The picture details an alien invasion from a single rural perspective, which is a daring gambit that mostly pays off! Sure, there are plenty of questions: why would the aliens invade this particular corner of the world when they seem otherwise to hover over major cities? Are the corn circles necessary for orienteering purposes, as is speculated, and if so, how is the lack of cornfields in big cities a factor in the aliens’ plan? Of course the biggest question is a callback to The War of the Worlds: how could the aliens have skimped so much on researching the planet they’ve invaded?

I’m perfectly happy to let all these questions go, ha ha! I mean, you can pick apart any story if you’re determined to, and it’s pretty clear that this is a movie less about aliens than about faith: losing it and finding it again under extreme circumstances, as though faith is like the fabled bump on the noggin that first obliterates memory and when applied again, restores it! But right from an early shot of the outline of a removed cross on the wall (which suggests some truly heroic cigarette smoking in the house at some point), the picture is determined to handle this theme with oven mitts on! An irritatingly binary orthodoxy reveals itself, and then pounds us on the head like a hammer in one boring, pushy dialogue scene; and of course by the end Gibson’s requests not to be called “Father” have ceased and he’s back in the uncomfortable-looking cassock and collar! And of course he’s another sort of father once again to his presumably renormalized children!
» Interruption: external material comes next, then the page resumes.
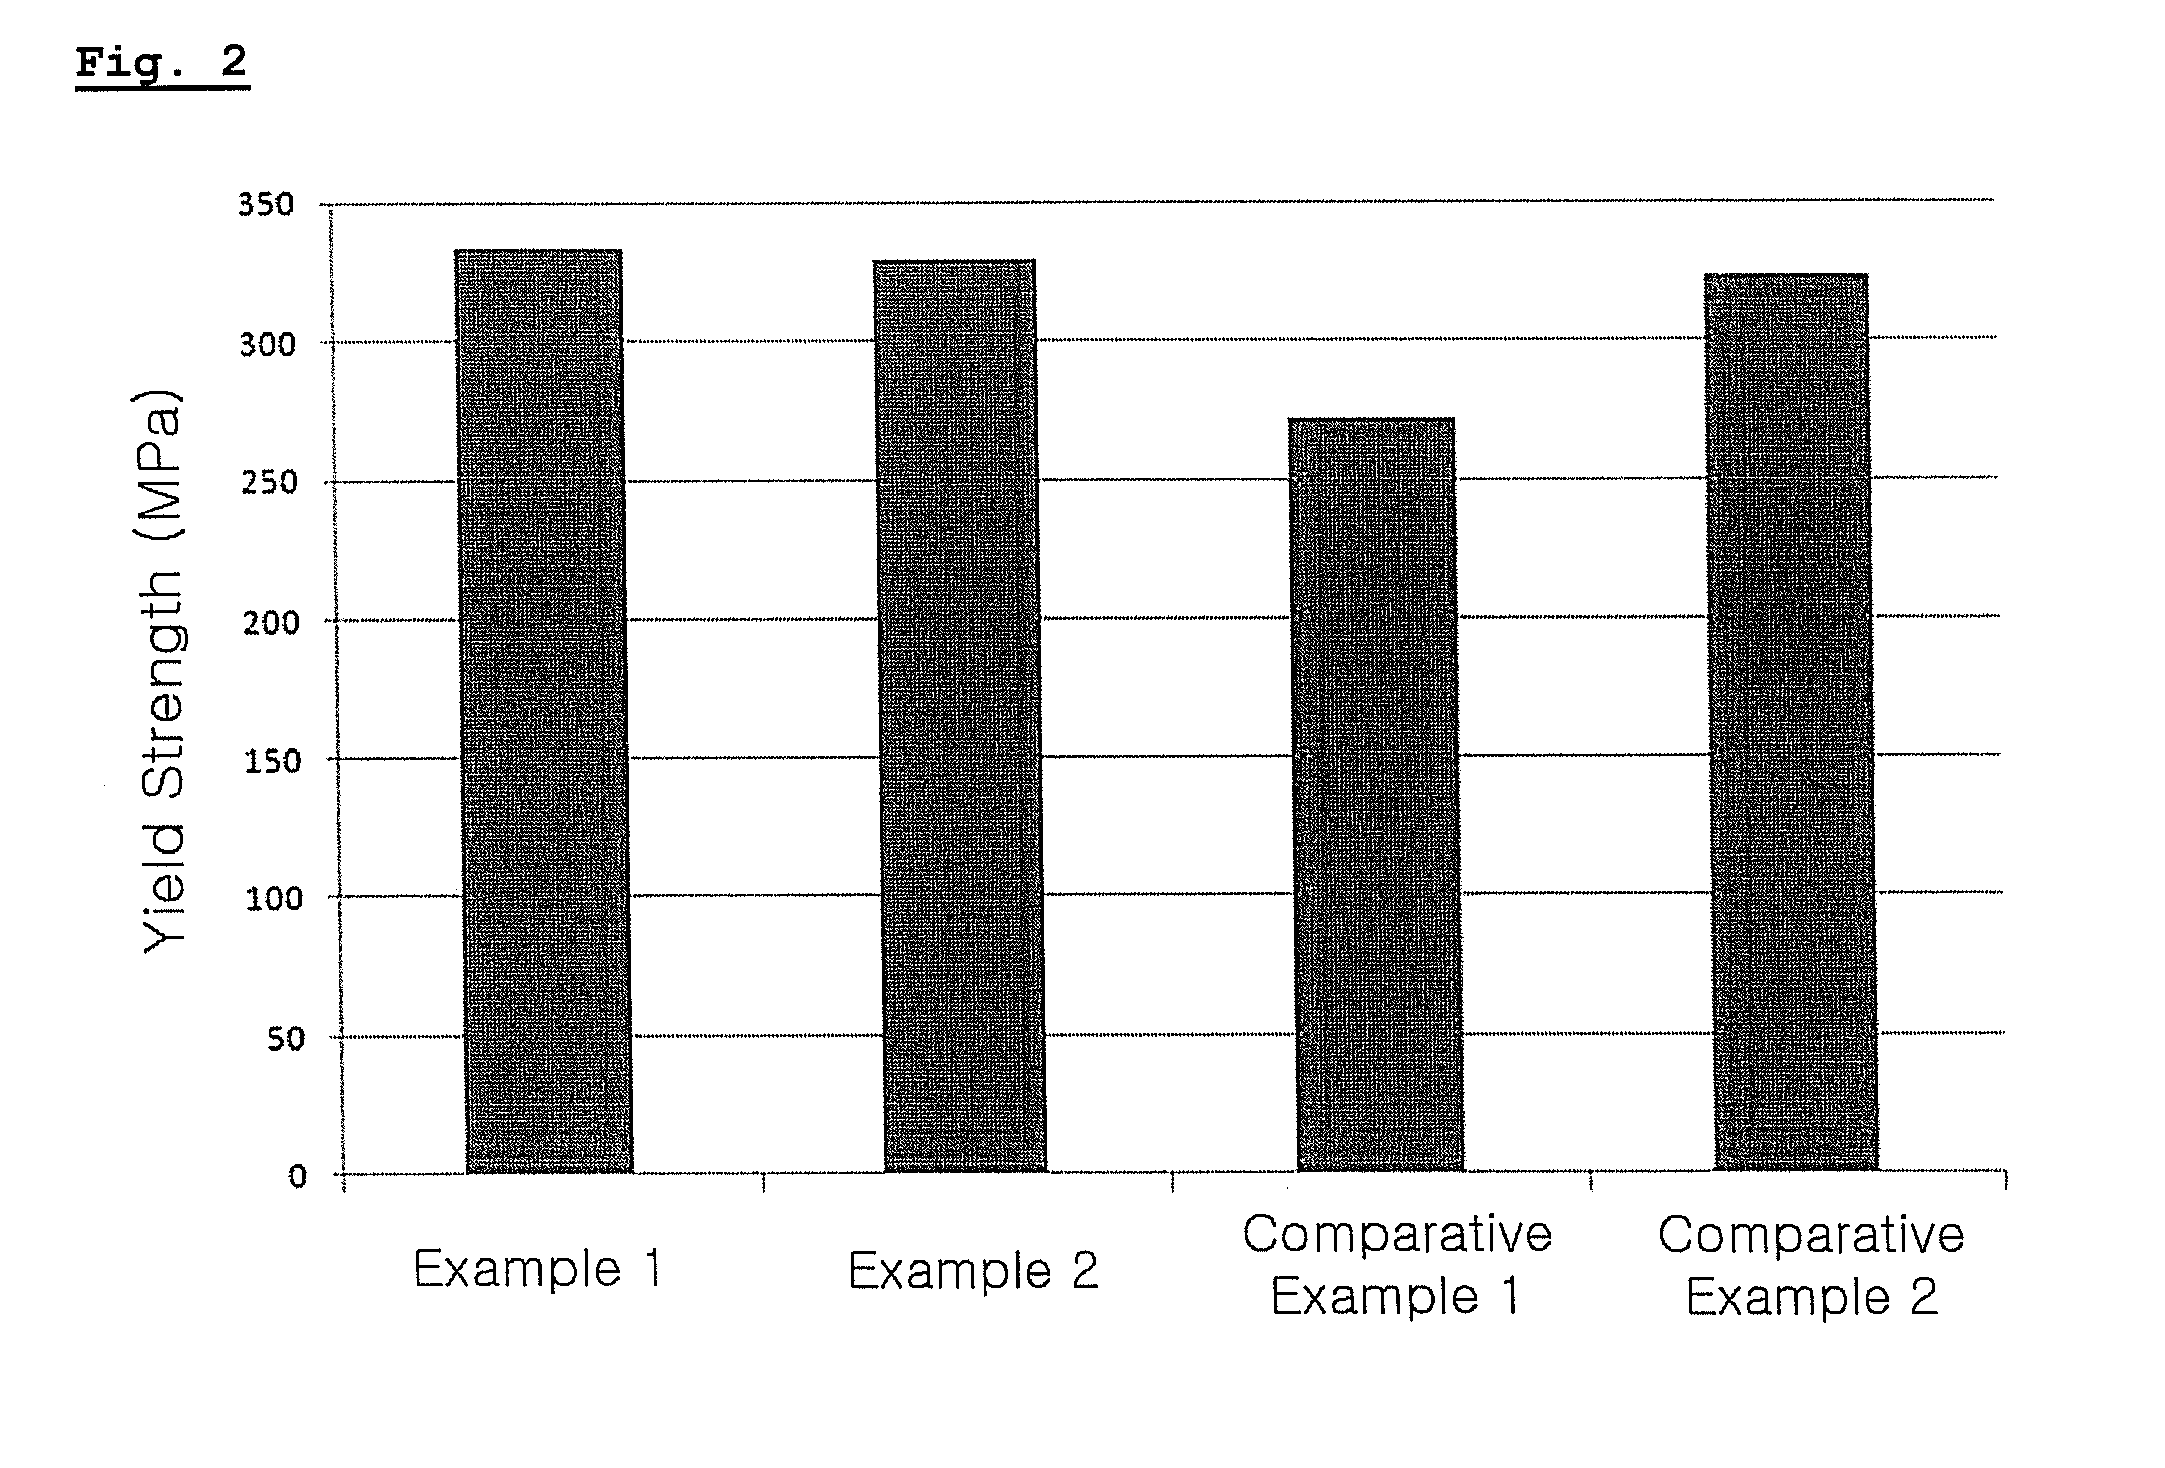 HIGH Cr FERRITIC/MARTENSITIC STEELS HAVING AN IMPROVED CREEP RESISTANCE FOR IN-CORE COMPONENT MATERIALS IN NUCLEAR REACTOR, AND PREPARATION METHOD THEREOF

So all that stuff, along with the usual barbiturated acting and general portentousness of Shyamalan, bugged me a bit; but on the other hand we have sharp lensing from Tak Fujimoto, the terrific cinematographer who shot Last Embrace and Grumpier Old Men and so many other good-looking pictures; good work from composer James Newton Howard; some nice opening credits; some fine cornfield atmosphere; welcome dashes of humour; and well-tuned suspense and spookshow sequences from the talented Shyamalan! It’s quite possible to watch this picture concentrating on those aspects rather than the exasperating thematic porridge, and I recommend doing just that! On balance I admire the film because it does the cinematic genre stuff well, and even though I don’t like what it tries beyond that, and think it does it badly, at least it tries something! I award Signs two and a half bar-b-que forks!

2 comments:

  1. At least Close Encounters kept its religion space-based! It is very silly and overearnest, but I must admit, that scene where the news footage of the party is on TV is terrific. If the rest had been as unnerving as that, Shyamalan might not have taken a career dip.

    ReplyDelete
    Replies
    1. I don't think you could sustain that level of spookiness for the whole movie, but it was hardly necessary to undercut the atmosphere with the earnest silliness and funereal acting!